» **STORED DATA**
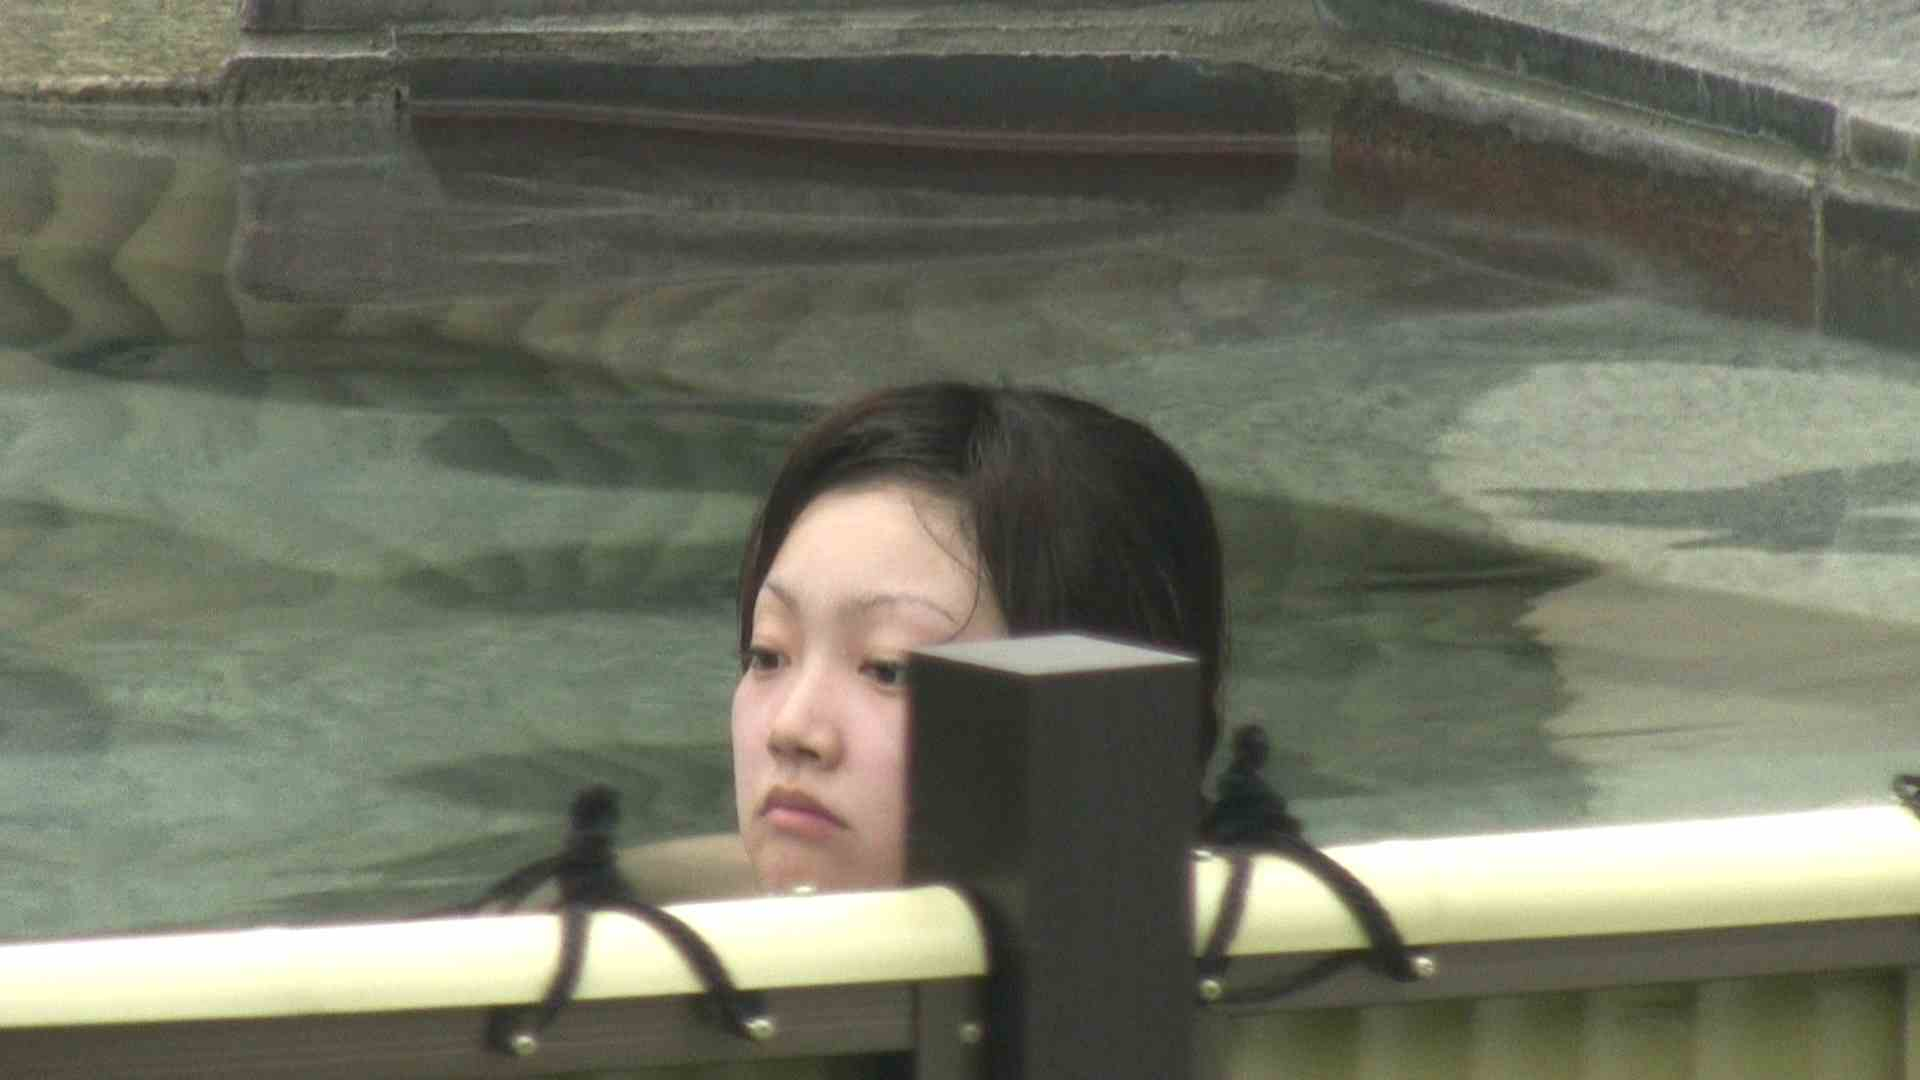 Aquaな露天風呂Vol.126 盗撮シリーズ | 露天風呂編  103PIX 31
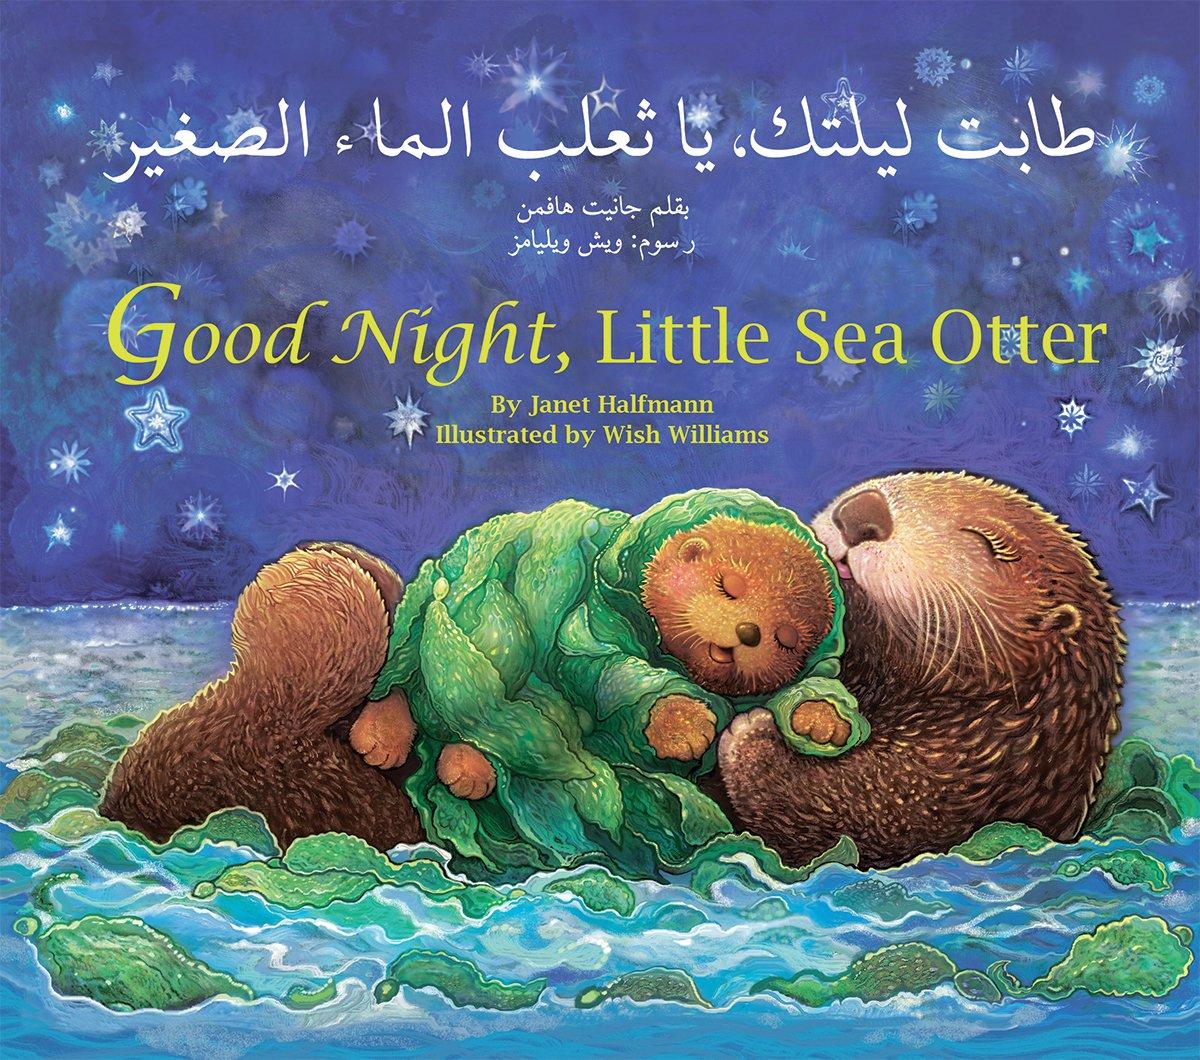 Good Night, Little Sea Otter (Arabic/English) (Arabic and English Edition)
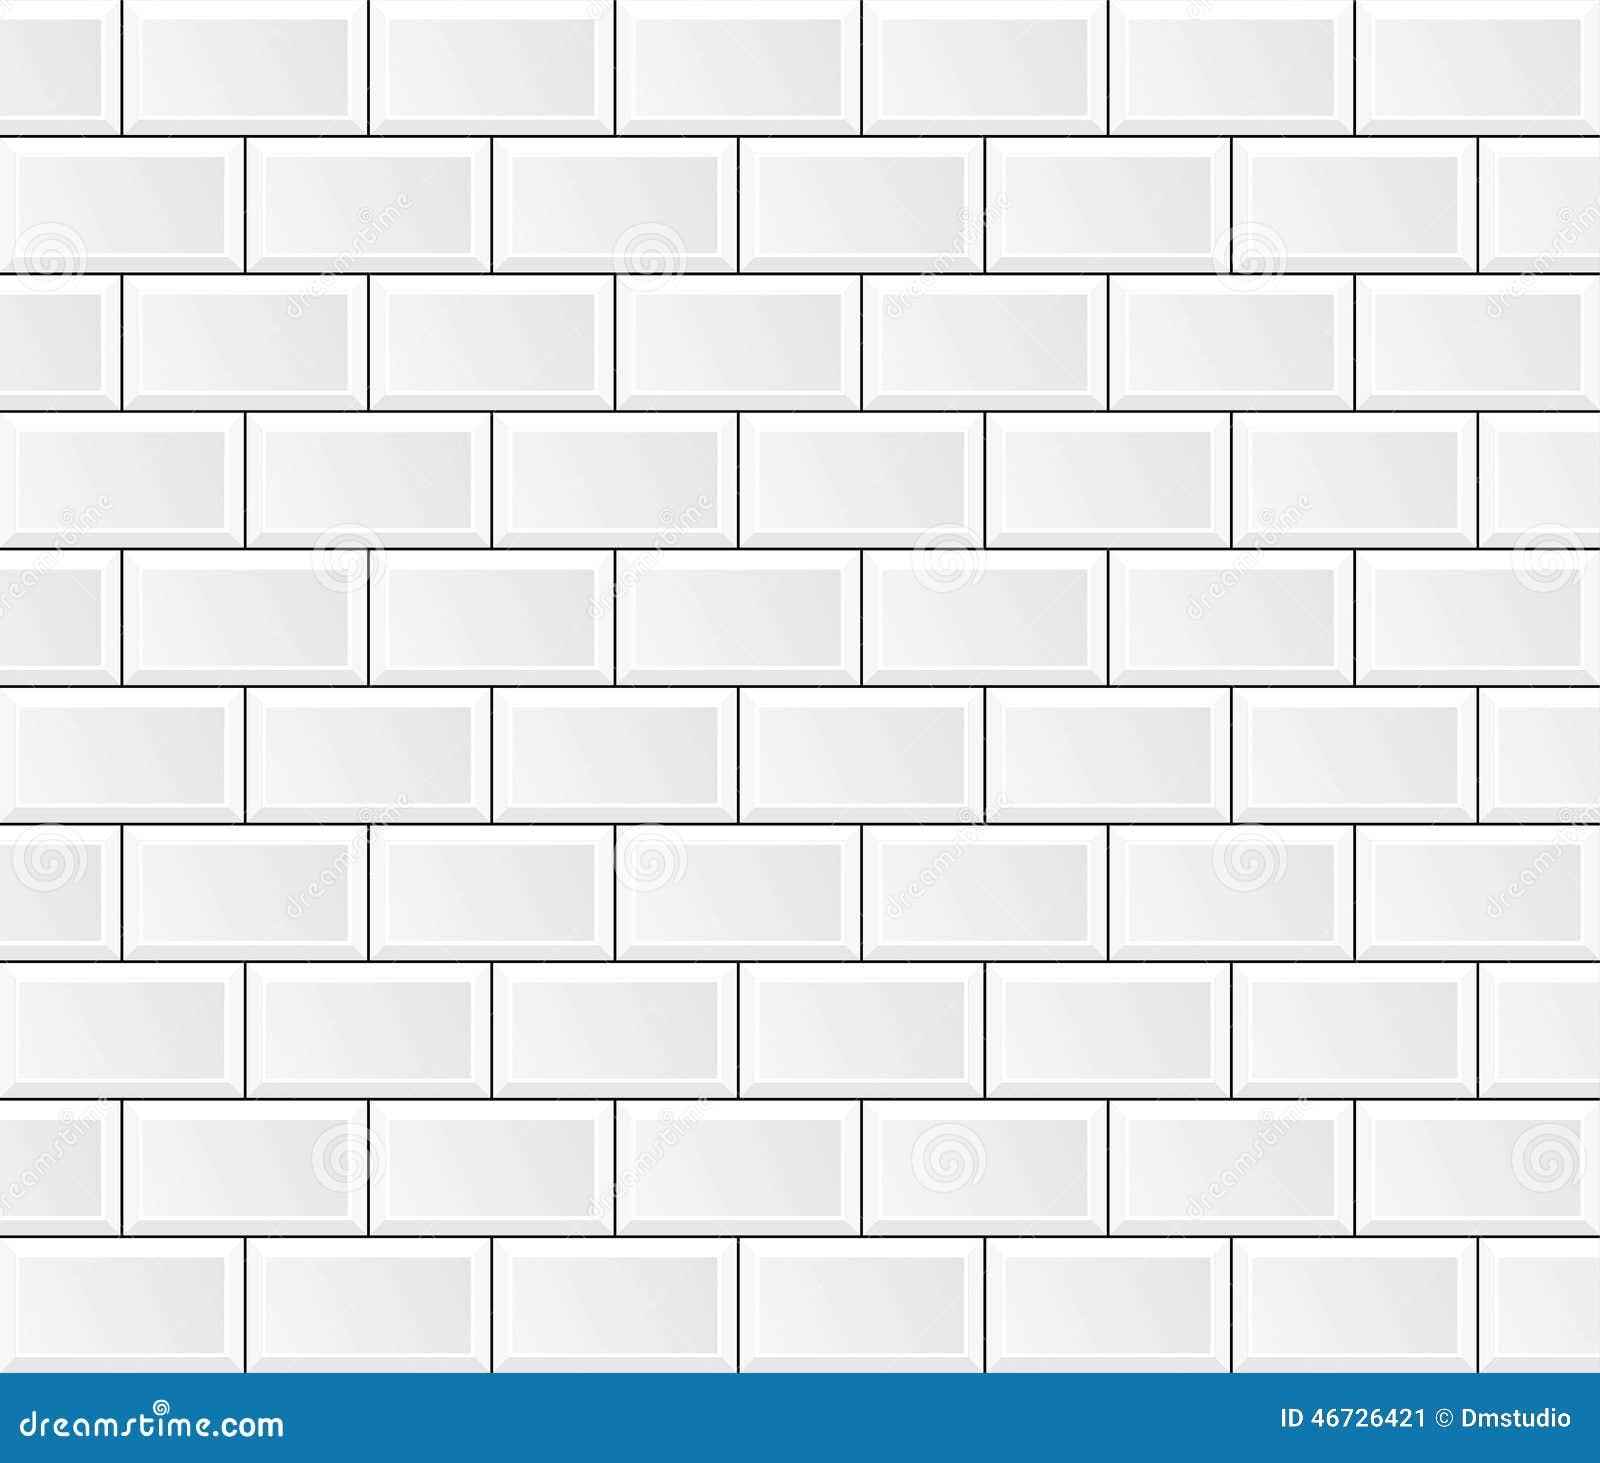 Vector white tile wall stock vector. Illustration of bathroom - 46726421

» **EXERCISE**
Keep the pictures out while you retype all of the data above exactly as it appears.

» **ANSWER SECTION**
 Aquaな露天風呂Vol.126 盗撮シリーズ | 露天風呂編  103PIX 31
 Good Night, Little Sea Otter (Arabic/English) (Arabic and English Edition)
 Vector white tile wall stock vector. Illustration of bathroom - 46726421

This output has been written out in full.